Действительно, не прошло и месяца, как все политзаключенные оказались на свободе. Военные во главе с генералом Рамосом повернули оружие против диктатора Маркоса. «С той поры, — продолжил Рамос, — я избавился от некоторых вредных привычек, а ваш коллега продолжает безрассудно сражаться с собственным здоровьем и экологией…»
«Забавно, — сказал мне Адам Михник, с которым мы как славянские братья в этой компании оказались за одним столом, — у нас с Войцехом Ярузельским сложились примерно такие же отношения. Сначала он сажал меня, а потом мы научились доверять друг другу. Во всяком случае, я не раз увещевал своих непримиримых друзей по “Солидарности”, жаждавших его скальпа, что генерал искренен в своем стремлении к благу Польши».
Итак, Войцех Ярузельский, генерал на часах истории, а потом на весах истории. Так на какой он чаше?
Проще всего мне сослаться на безусловный авторитет Адама Михника, для этого я и рассказал филиппинский анекдот-притчу. Но все же давайте присмотримся к этой диспозиции.

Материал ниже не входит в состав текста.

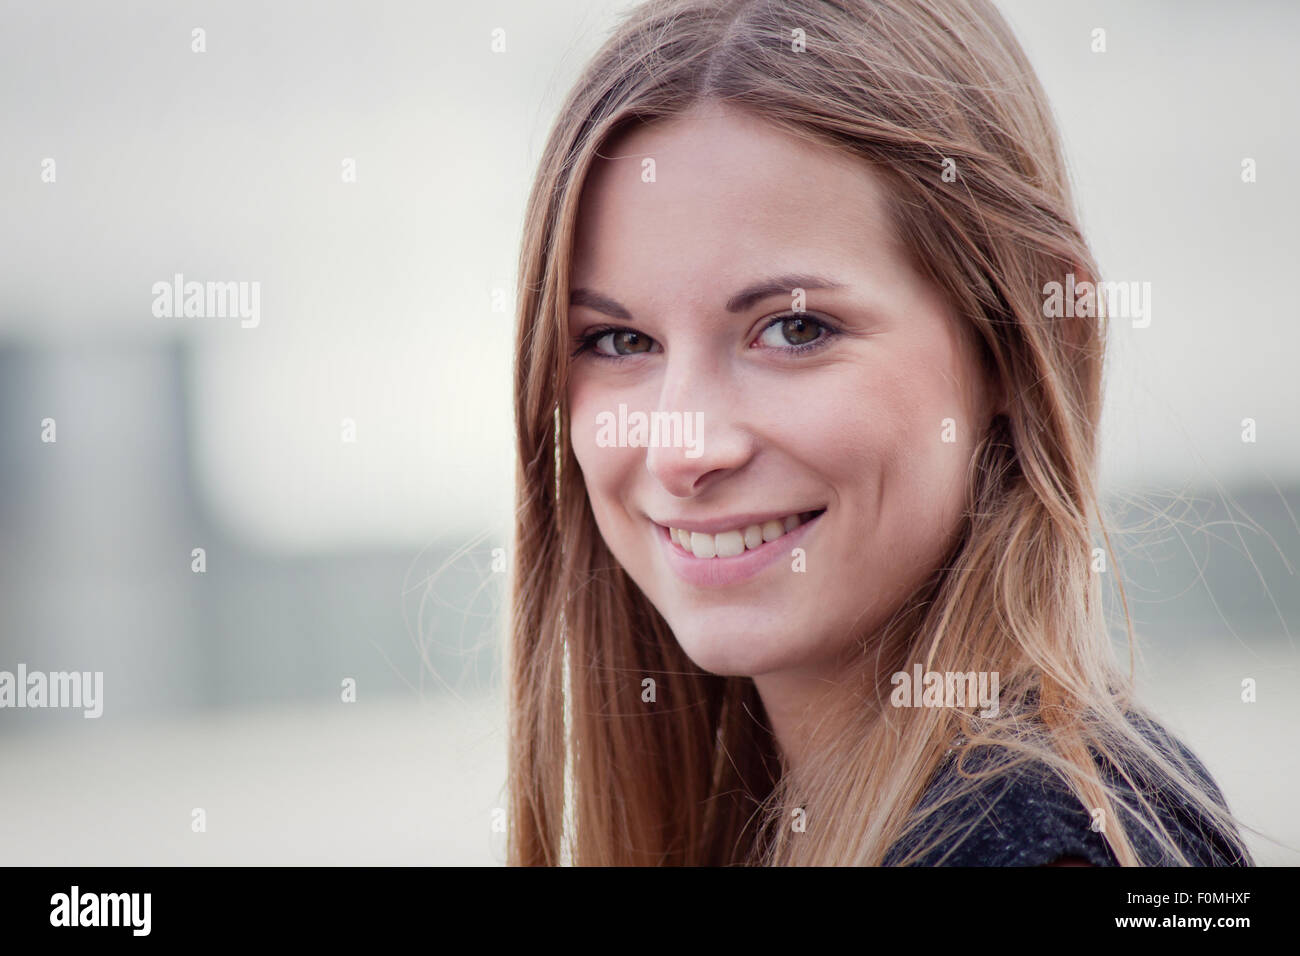 Face of an attractive girl Stock Photo

Адам Михник — Войцех Ярузельский. На чьей вы стороне? Я точно с Адамом. Бесстрашный диссидент, безукоризненный демократ, борец без страха и упрека против генерала-конформиста, военно-партийного коллаборациониста, введшего военное положение в стране по указке из Москвы. Какие тут могут быть сомнения! Валерия Новодворская, с которой мы много лет от души спорили в редколлегии «Нового времени», не сомневается ни на йоту и сегодня: место генерала на скамье подсудимых. Лерина цельность и честность вызывают у меня неподдельное восхищение, как и ее выдающаяся бескомпромиссность, но она же порой не дает заглянуть за край.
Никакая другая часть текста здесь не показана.